The biggest difference between type I and type II spontaneous action potentials is the behavior during the excitation phase. Type I action potentials can exhibit voltage oscillations, especially when there is a stable limit cycle surrounding the unstable fixed point. Type II action potentials on the other hand do not show this behavior.
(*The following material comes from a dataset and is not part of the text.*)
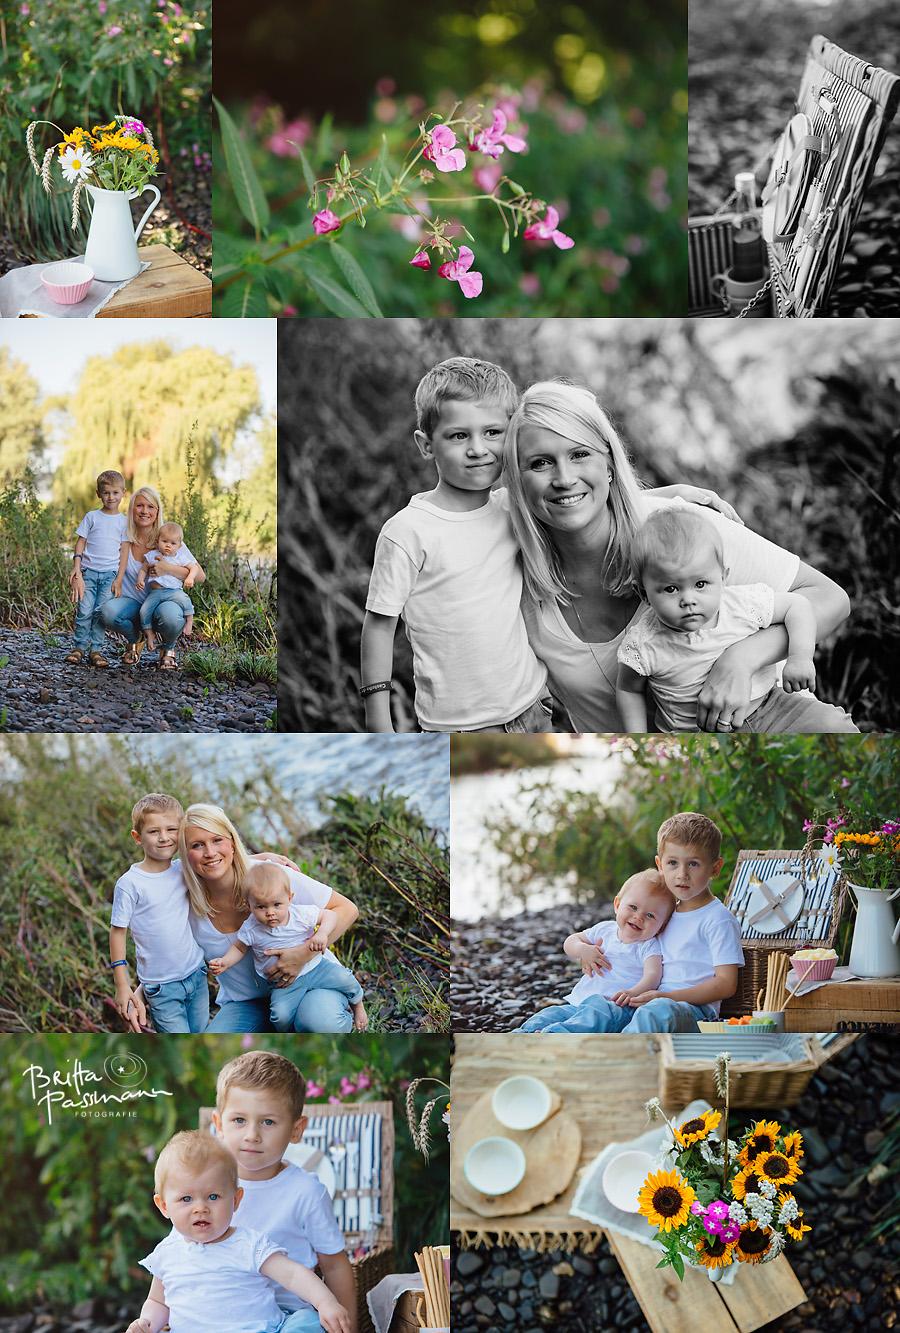 Familienpicknick_Fotoshooting_Familienfotos_Kinderfotos_Dortmund_Schwerte_16

Interestingly, the behavior of type I and type II spontaneous action potentials are similar during the initiation phase. There are two ion channel species that contribute to spontaneous initiation. The number of open channels determines the net current \({I_{\rm ion}}(v, m, n)\), and if the net current is increased for enough time, the voltage rises above threshold, generating an action potential. There are two ways to increase the net current: by opening \(\text{Na}^{{+}}\) channels or by closing \(\text{K}^{{+}}\) channels.
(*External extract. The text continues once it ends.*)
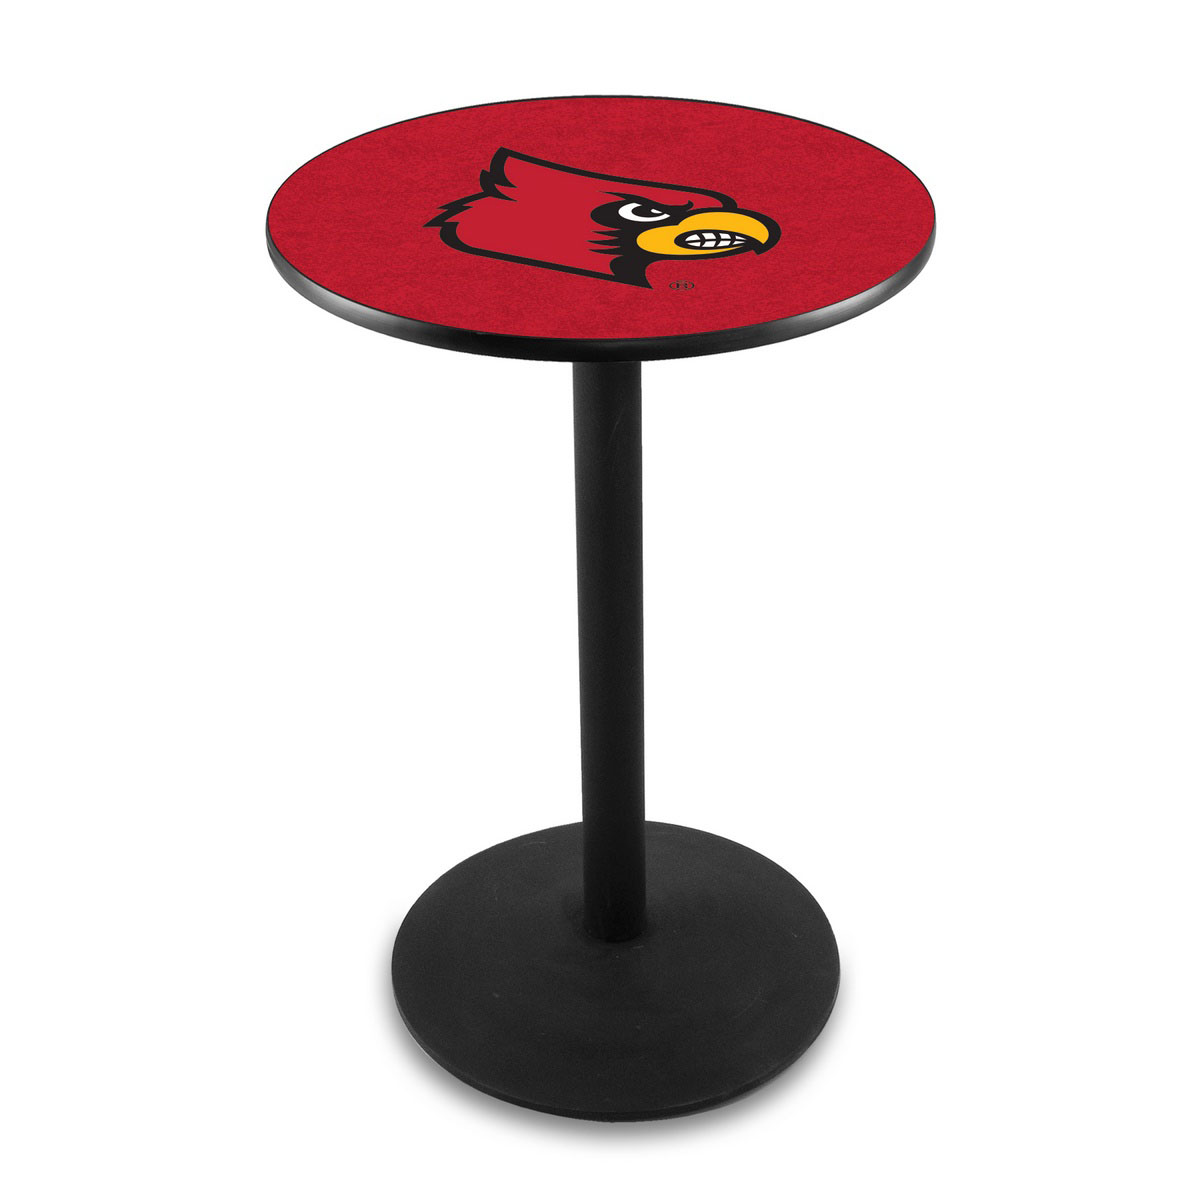 Design University Louisville Logo Pub Bar Table Round Stand Product Photo

Clearly, the maximum increase in the net current from closing \(\text{K}^{{+}}\) channels occurs when all of the \(\text{K}^{{+}}\) channels are closed. If we fix \(m = 0\) to be constant, removing \(\text{K}^{{+}}\) channel fluctuations and dynamics, the deterministic system becomes \[v' = {I_{\rm ion}}(v, 0, Nx_{\infty}(v)).\] The function \({I_{\rm ion}}(v, 0, Nx_{\infty}(v))\) has cubic-like shape. For \(I_{{\mathrm{app}}} < I_{*}\), there are three fixed points where \(v' = {I_{\rm ion}}(v, 0, Nx_{\infty}(v)) = 0\): two stable separated by one unstable. Only the third fixed point is above the threshold. To generate an action potential, \(\text{Na}^{{+}}\) channel fluctuations are required to increase the voltage from the first fixed point past the second. At \(I_{{\mathrm{app}}} = I_{*}\), the first two fixed points vanish. For \(I_{{\mathrm{app}}} > I_{*}\), only the third fixed point remains, which means that \(\text{K}^{{+}}\) channels alone are capable of initiating an action potential. That is, once all of the \(\text{K}^{{+}}\) channels close, the voltage can deterministically increase above threshold. Fig. \ref{fig:type1a_pp1} shows the \(I_{{\mathrm{app}}}<I_{*}\) case while Fig. \ref{fig:type2a_pp1} shows the \(I_{{\mathrm{app}}}>I_{*}\) case.
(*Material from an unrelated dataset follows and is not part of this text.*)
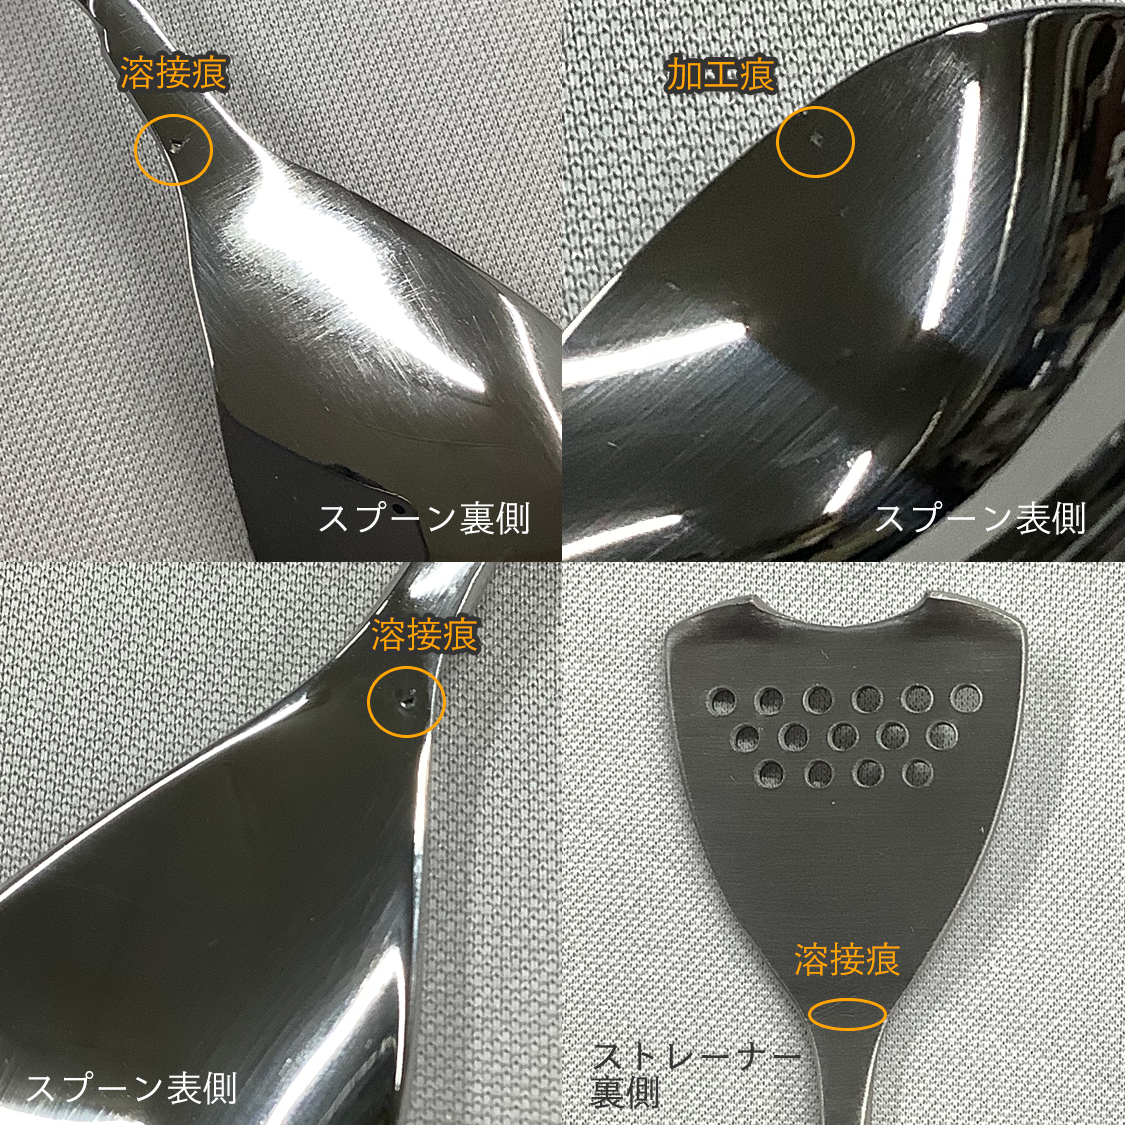 【BIRDY. アウトレットセール】BS400 バースプーン 400mm B品

Recall that the parameter \({\varphi}= 1/(\epsilon M)\) controls the relative strength of \(\text{Na}^{{+}}\) and \(\text{K}^{{+}}\) channel fluctuation. As \({\varphi}\) decreases (equivalently \(M\) increases with \(\epsilon\) fixed) the \(\text{K}^{{+}}\) channel fluctuations become less significant than \(\text{Na}^{{+}}\) channel fluctuations. For \({\varphi}\) small enough, \(\text{Na}^{{+}}\) channels provide the dominant contribution to spontaneous initiation. It is natural to conclude then that for \({\varphi}\) large enough, \(\text{K}^{{+}}\) channels provide the dominant contribution to spontaneous initiation. Indeed, this is the case when \(I_{{\mathrm{app}}} > I_{*}\). Notice that MPPs leading to action potentials drop below the \(v\)-nullcline in Fig. \ref{fig:type2a_pp2}. If instead we have \(I_{{\mathrm{app}}} < I_{*}\) then \(\text{K}^{{+}}\) channels alone cannot induce an action potential, regardless of how large \({\varphi}\) is.